:: Data shown

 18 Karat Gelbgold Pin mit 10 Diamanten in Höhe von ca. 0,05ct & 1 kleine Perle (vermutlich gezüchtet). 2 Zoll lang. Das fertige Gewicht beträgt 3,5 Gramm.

::::
:: Data shown

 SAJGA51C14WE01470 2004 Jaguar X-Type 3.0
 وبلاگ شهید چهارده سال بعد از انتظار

::::

» Work instructions: Please reproduce, exactly as they appear above, the lines from the line containing "SAJGA51C14WE01470 2004 Jaguar X-Type 3.0" up to and including the line containing "وبلاگ شهید چهارده سال بعد از انتظار".

» Result of this task:
 SAJGA51C14WE01470 2004 Jaguar X-Type 3.0
 وبلاگ شهید چهارده سال بعد از انتظار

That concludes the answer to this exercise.